Сидеть в саркофаге было до смерти скучно. Боль — полбеды. К боли со временем привыкаешь, она становится чем-то вроде назойливой мухи, с которой ты ничего не можешь сделать, — раздражает, но, как говорится, не смертельно. А вот скука. Она разъедает черепушку изнутри, захватывает тело и не заканчивается, не заканчивается, не заканчивается.

Кощей распахнул глаза. Сердце колотилось с неожиданной для его почти мёртвого тела скоростью и силой. Кощей поморщился. Надо избавиться от этого треклятого саркофага, всё равно в нём не было ничего интересного. Лет триста, а может четыреста назад он выменял эту штуковину у какого-то пустынного плута, Кощей уже даже не помнил — на что, но долго не мог признаться себе в том, что его явно облапошили. Или он был пьян? Может и был, иначе зачем ему понадобилась эта блестящая, уродливая хреновина.

Когда Кощей вылез из воды, платье и штаны уже ждали его на стуле. Чёрный шёлк приятно прилегал к коже. Сдержанная красная вышивка цветами вилась по воротнику и подолу. Обувь Кощей надевать не стал, и босиком вышел направился в главный зал.

Стол, полный яств, терпеливо дожидался хозяина. Кощей взял с золотой тарелки зелёное яблоко, подбросил и, ловко поймав, надкусил с громким хрустом. От сладости даже челюсть свело, а желудок сжался, требуя отведать по меньшей мере половину блюд.

Кощей оглянулся за миг до того, как дверь открылась, и ведьма влетела в зал.

— Вот ты где! — воскликнула она, и лицо её скривилось в улыбке, став ещё более безобразным, чем прежде. — Ты... о, — она осеклась, окинув Кощея растерянным взглядом. — Ты уверен, что есть это безопасно?

Кощей озадаченно покосился на яблоко.

— Разумеется, это самая обычная еда. Если, конечно, ты не упырица.

Голодный взгляд ведьмы метнулся к столу, её желудок громко заурчал. Но она мотнула головой и вернулась к Кощею.

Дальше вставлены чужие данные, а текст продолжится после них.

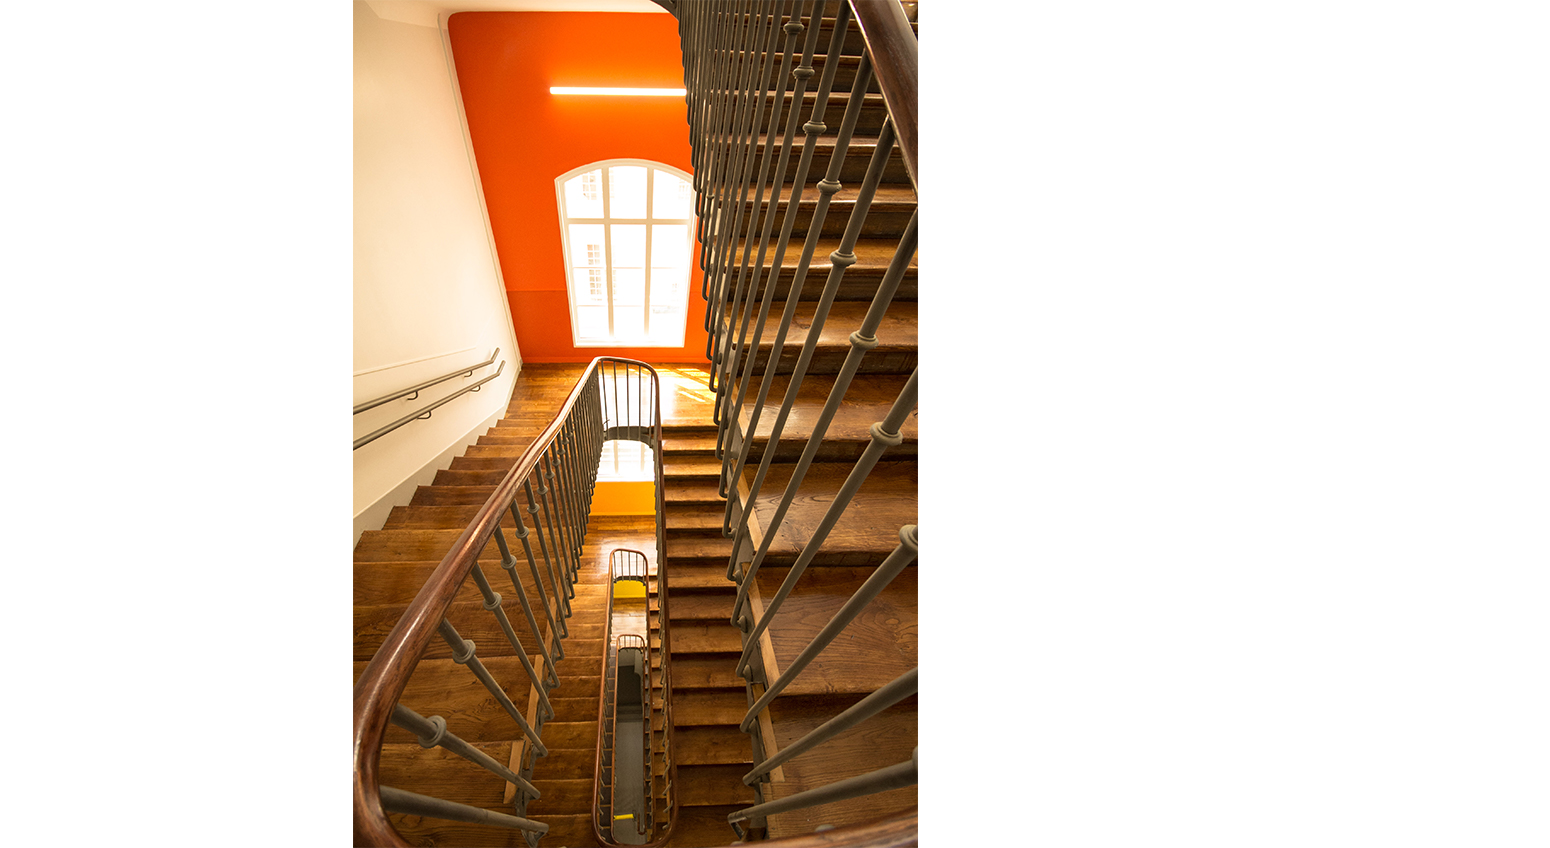 Cazenove Architecte Ecole La Rochefoucauld Rue Cler Circulation Escalier Couleur Paris 7 006

— Это же логово Кощея. Его дома нет, я проверила, но лучше, на всякий случай, ничего не есть и не пить...

Кощей от удивления даже перестал жевать. Так девчонка в придачу ко всему ещё и сумасшедшая?

— В таком случае, ты можешь поесть где-нибудь в другом месте. — Он взмахнул рукой, и невидимая сила оторвала ведьму от земли, обвила за талию, согнуло пополам, заставив ведьму неловко повиснуть. Она вскрикнула, забрыкалась, а сила уже несла её к выходу.

— Пусти! Ты что делаешь? — заверещала она. — Кощей же тебя в ящик посадил! Я тебя вытащила! Мы же должны быть заодно!

— Это вряд ли. — Кощей вернулся к яблоку, попутно наливая в кубок вина. — И хватит кричать, или я тебе шею сверну. От твоих воплей голова разболелась.